Recording distillation data#

record.py rolls out trained specialists across embodiments / scenes and writes the trajectories as HDF5 files. The resulting dataset feeds the generalist distillation step.

Run a recording#

  1. Configure which specialists to record from: edit configs/distillation_dataset_config_template.yaml to point at your per-embodiment specialist checkpoints and split ratios. Save it as configs/distillation_dataset_config.yaml (or anywhere; pass the path on the command line).

  2. Roll out:

    python record.py \
        -c configs/distillation_dataset_config.yaml \
        -o <output_dir> \
        -b <path/to/x_mobility_ckpt> \
        --dataset-name <dataset_name>
    

The dataset name appears in OSMO references and in the HDF5 file metadata. It is the same identifier used by scripts/hdf5_to_lerobot_episodic.py for GR00T post-training.

Output layout#

record.py writes one HDF5 file per shard, plus a manifest, under <output_dir>/. Each HDF5 file contains episodic data with the standard COMPASS observation keys (camera, lidar, proprio, …) and the action emitted by the specialist. The shape convention is [T, S, ...] (timesteps × shards).

On OSMO#

The X-Mobility base ckpt and COMPASS USDs are downloaded inside the workflow from HuggingFace, so you don’t need to pass the base-policy checkpoint or USDs locally.

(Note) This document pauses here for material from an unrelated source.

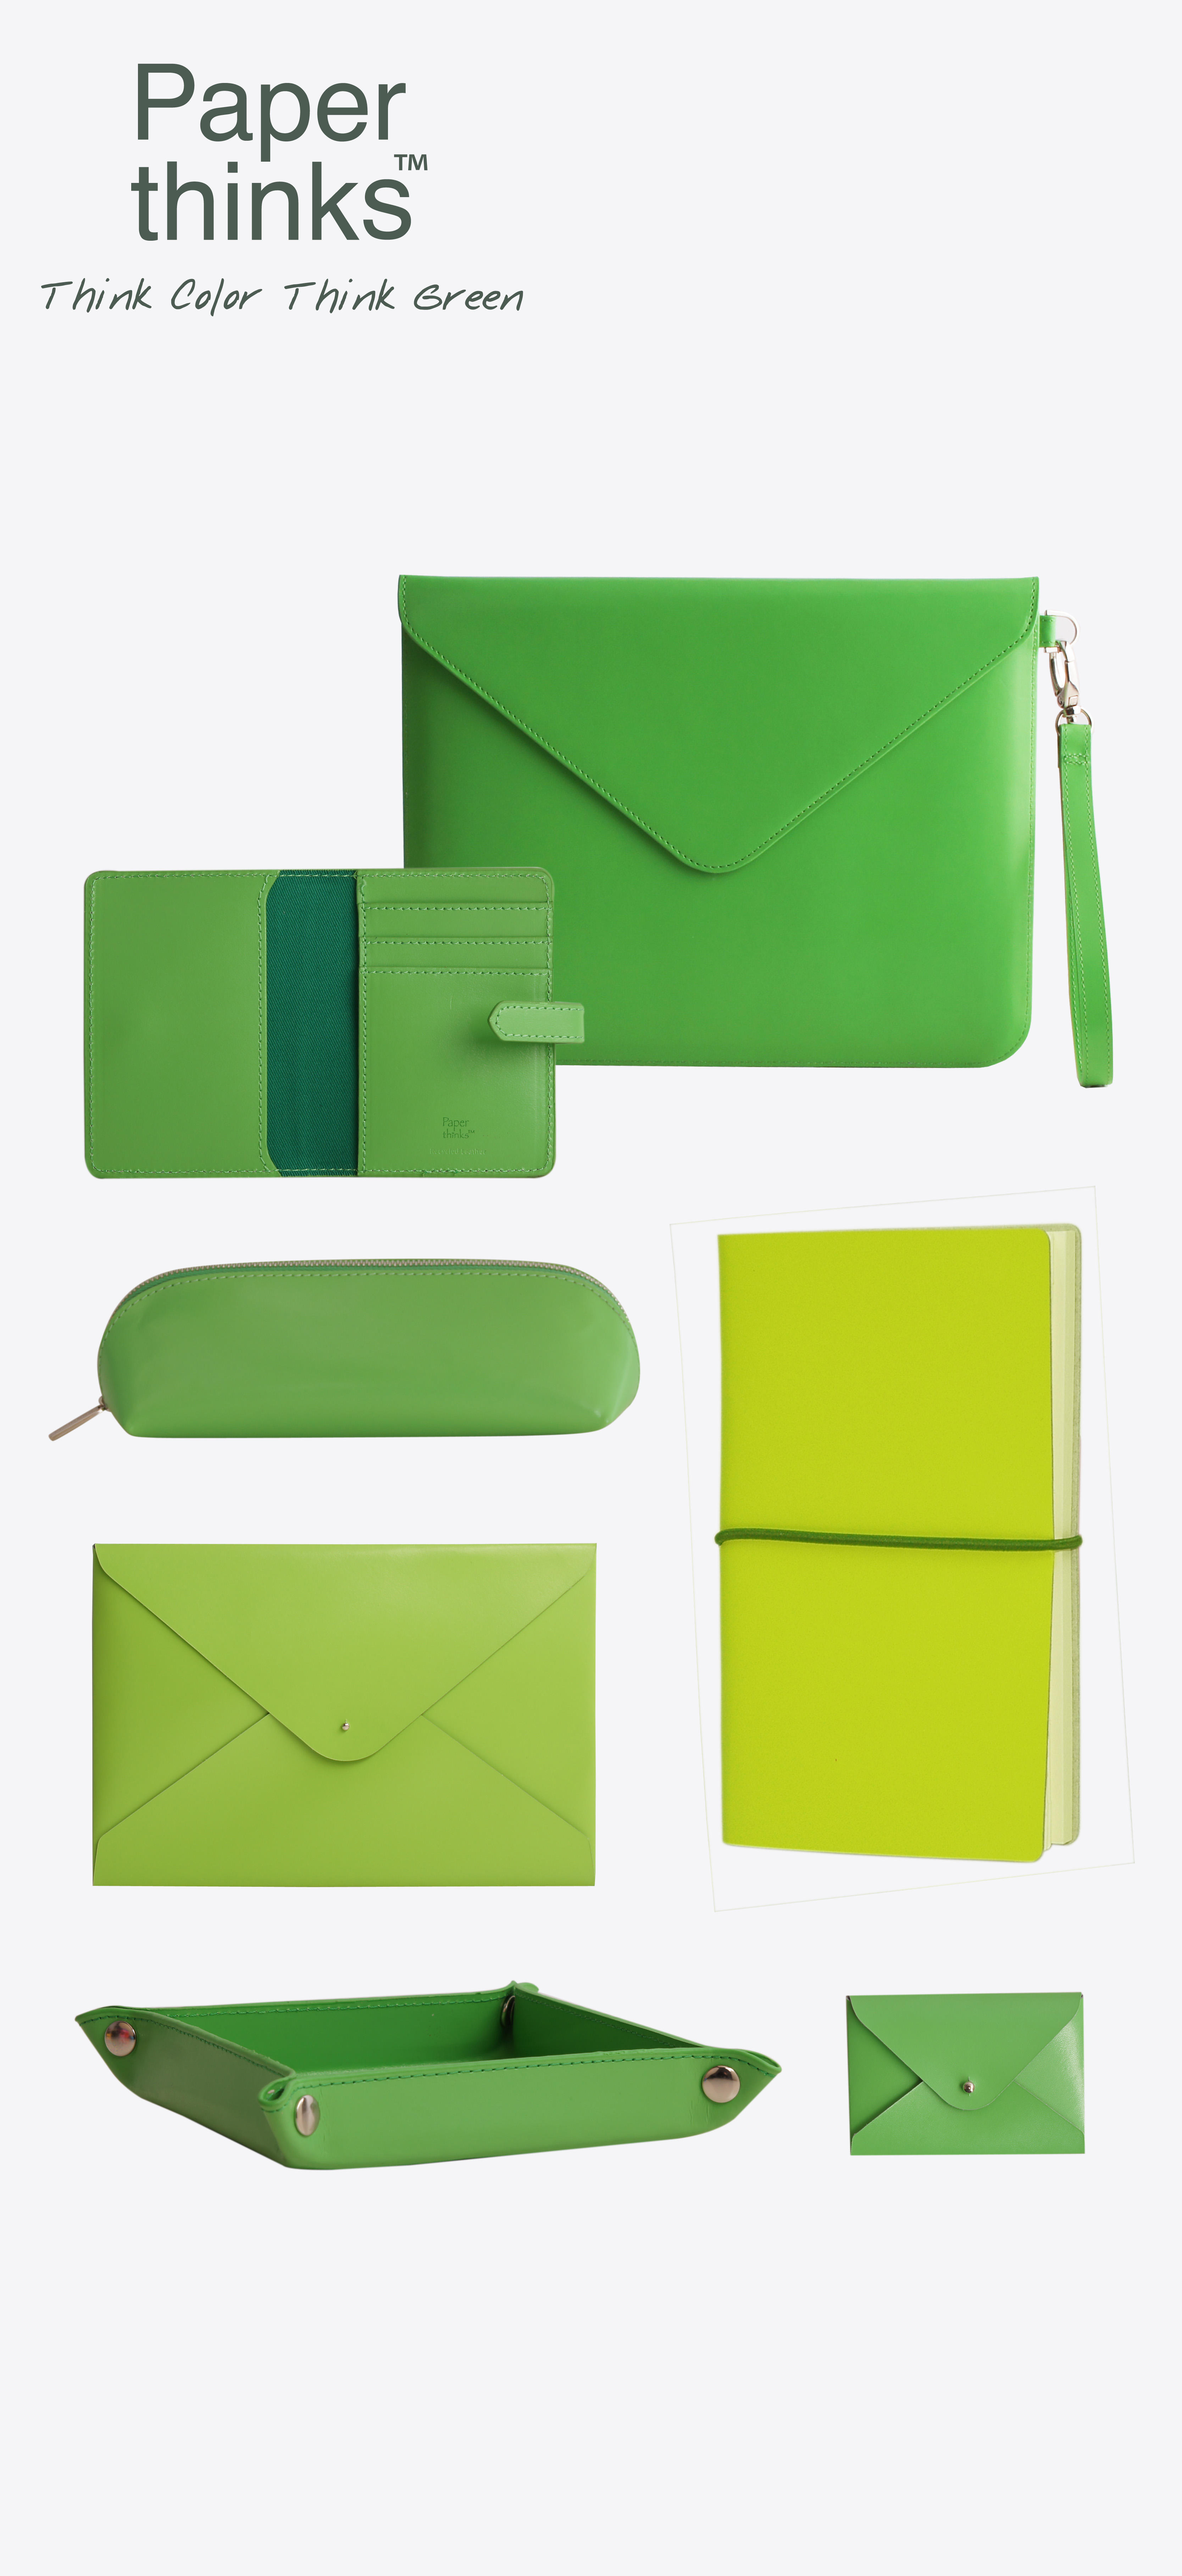 Kolorowe produkty Paperthinks

osmo/run_osmo.py is host-side (it shells out to docker and osmo CLIs). The activate shim auto-routes it to host Python via the # COMPASS_HOST_SIDE marker, so plain python osmo/run_osmo.py works from the activated shell — see the host-side callout in OSMO cloud submission for the full explanation and fallbacks.

export COMPASS_OSMO_REGISTRY=nvcr.io/<org>/<team>
export WANDB_API_KEY=...
export HF_TOKEN=...

python osmo/run_osmo.py record \
    --experiment-name <name> \
    --dataset-name <hdf5-dataset-name> \
    [--image <pre-built>]

Full reference: OSMO cloud submission.